The Barnes has both art and horticulture libraries. When visitors or students have a question about the Barnes, they ask a librarian.
Q: Do you have any more information on the door that is upstairs across from the Joy of Life?
A: It’s a 19th- or early 20th-century wood and pigment door made by the Baule peoples from Côte d’Ivoire. Among the Baule, such doors once graced courtyards and the entrances to interior rooms of a home. In its original home in Africa, a door like this would have been commissioned by someone fairly wealthy.

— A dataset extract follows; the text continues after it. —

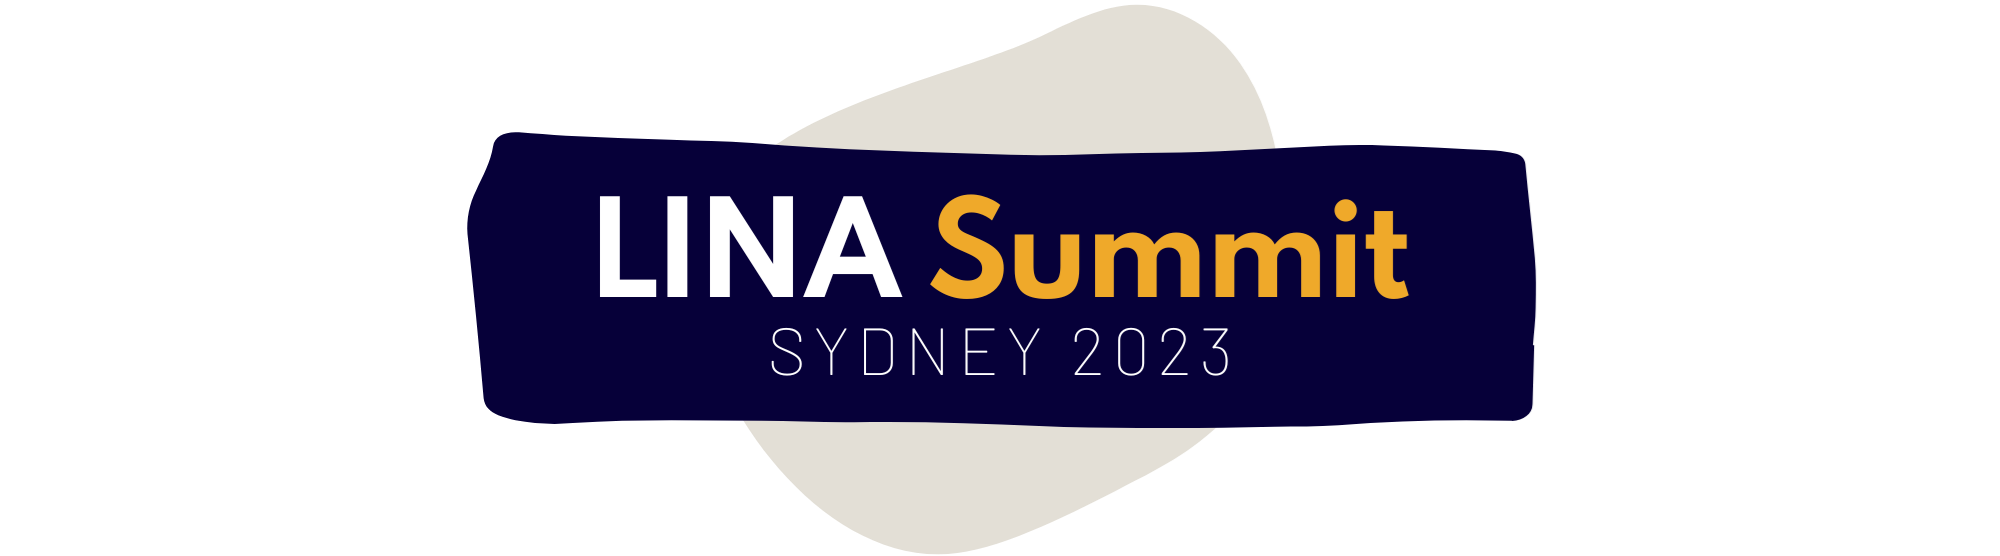 LINA Summit 2023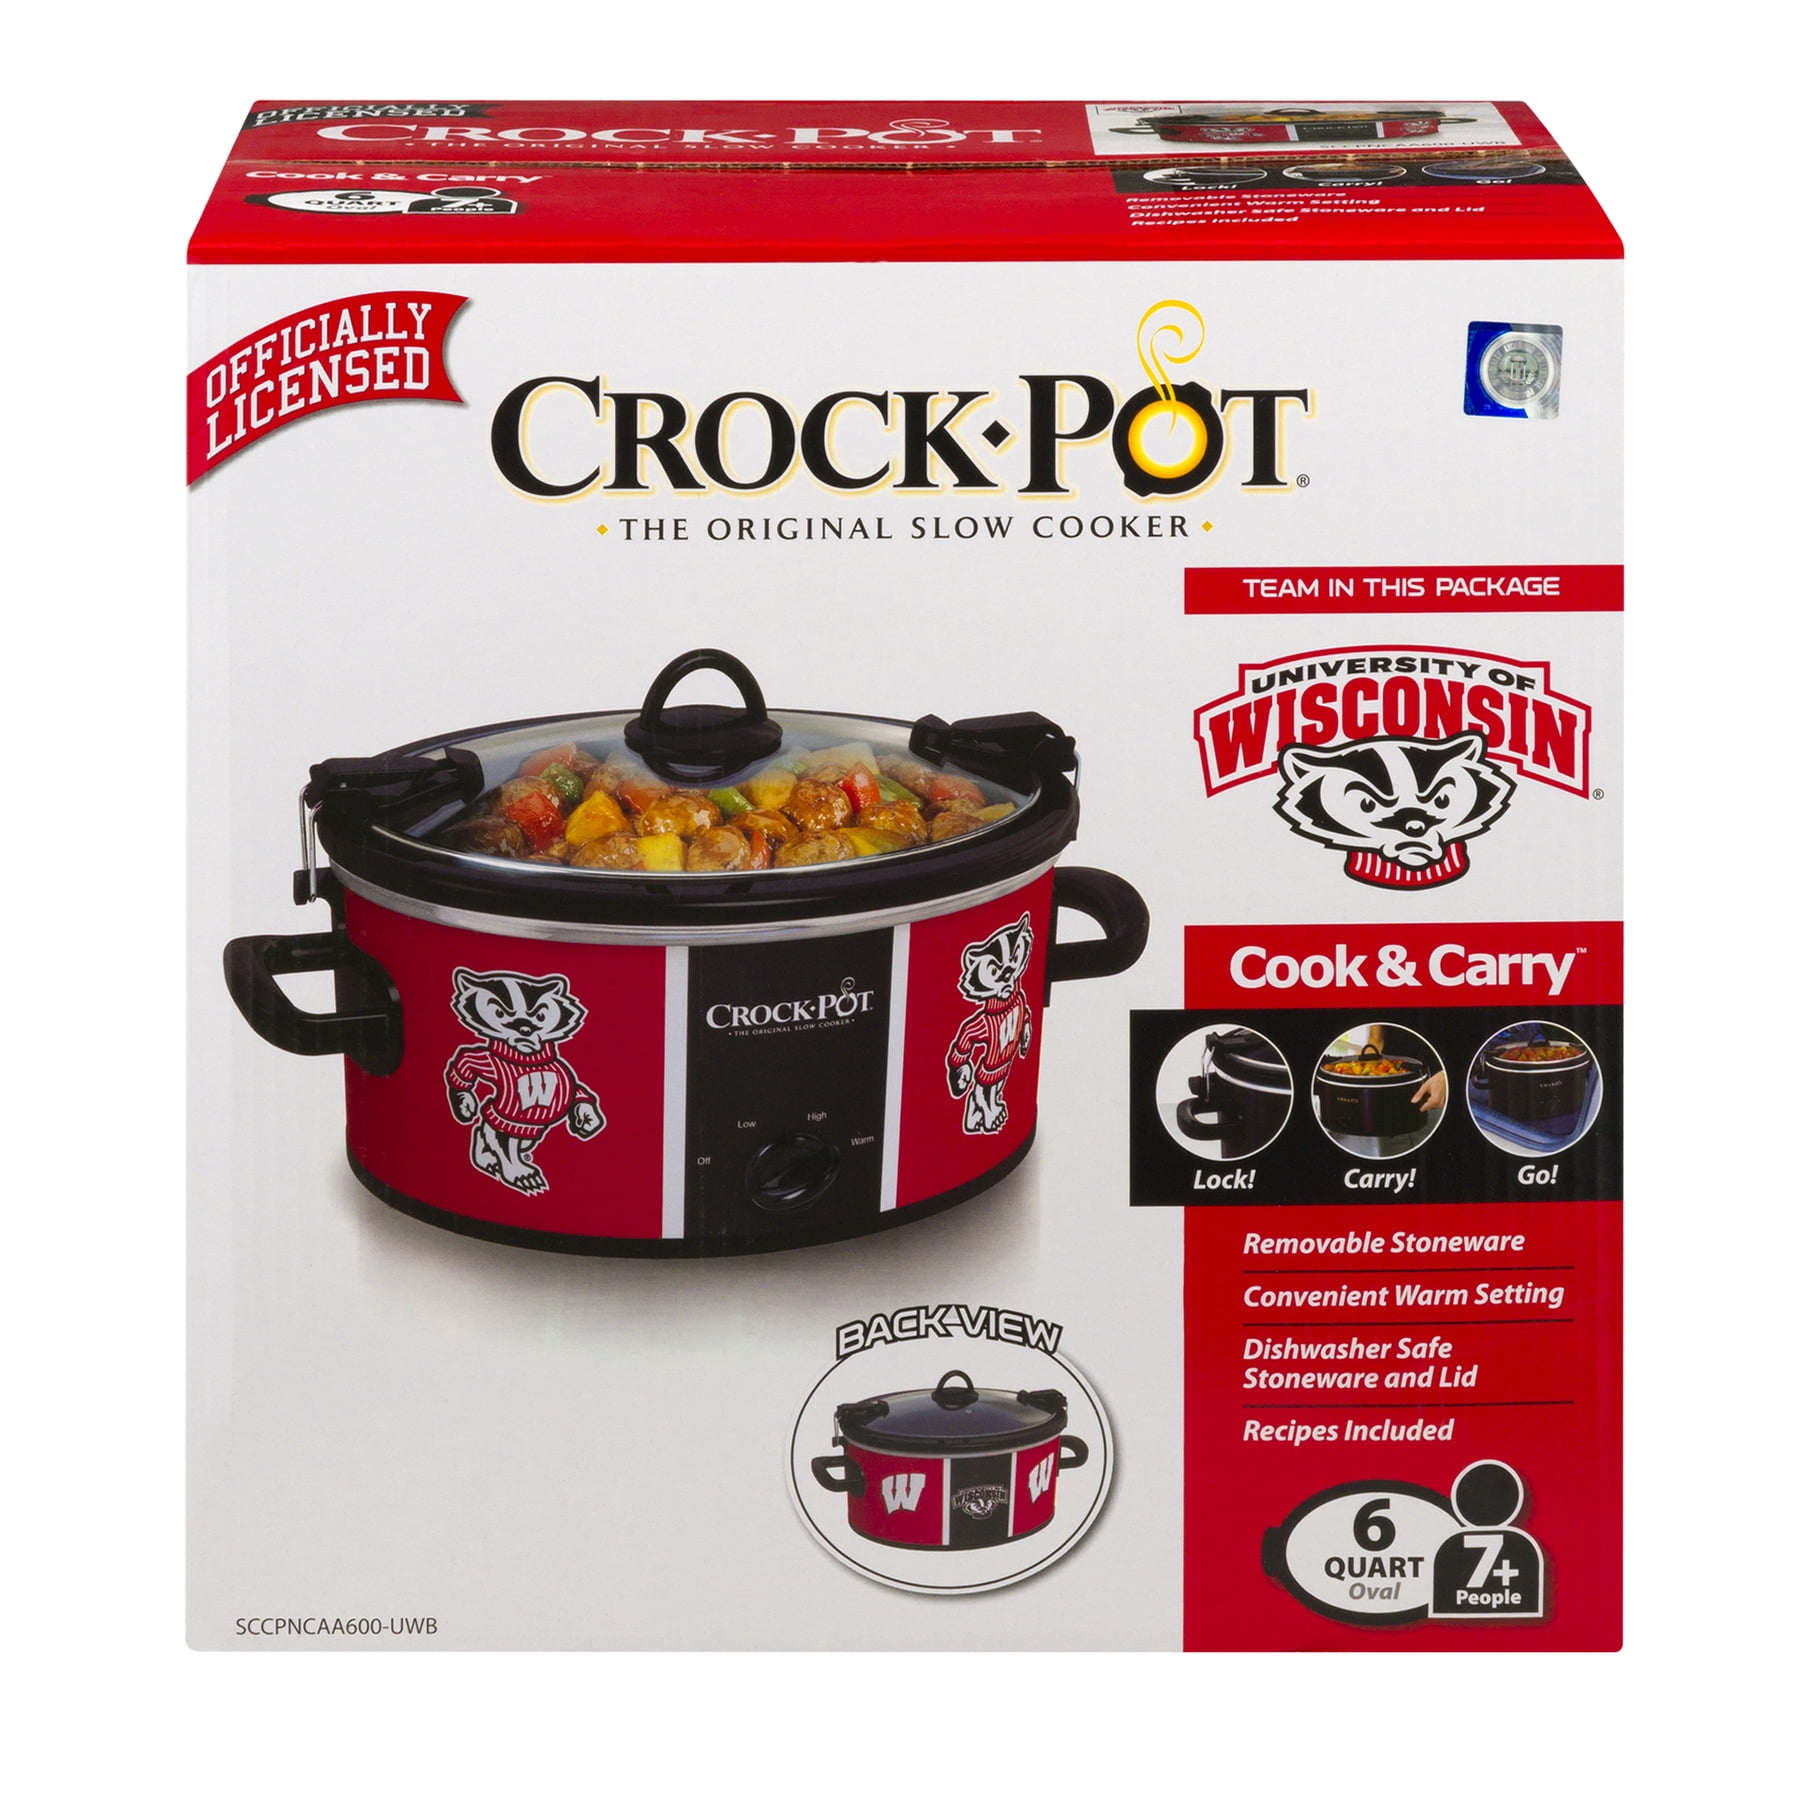  Crock-Pot 6-Quart Wifi-Enabled Slow Cooker Only $86.46

The motifs are generally decorative, although some might also illustrate proverbs. On this door is a pair of birds, the representation of a mask, and a double crocodile. For the artist, this was a great opportunity to advertise his skills. Most works of tradition-based African art weren’t signed per se but were recognized by the style of the hand, so artists were known and appreciated even if the actual works themselves were not signed.
Baule peoples. Door (Anuan), 19th–early 20th century. Côte d'Ivoire. Wood, pigment, 61 1/2 x 20 x 2 in. (156.2 x 50.8 x 5.1 cm). A238. Photo: © 2013 The Barnes Foundation
Albert Barnes admired this door for its surface patterns, the contrast between curved and angular lines, and the way in which motifs such as the double crocodile show an almost internal rhythm.
Additional information can be found in The Barnes Foundation: Masterworks, page 353. Oxford Art Online provides more details on the Baule people.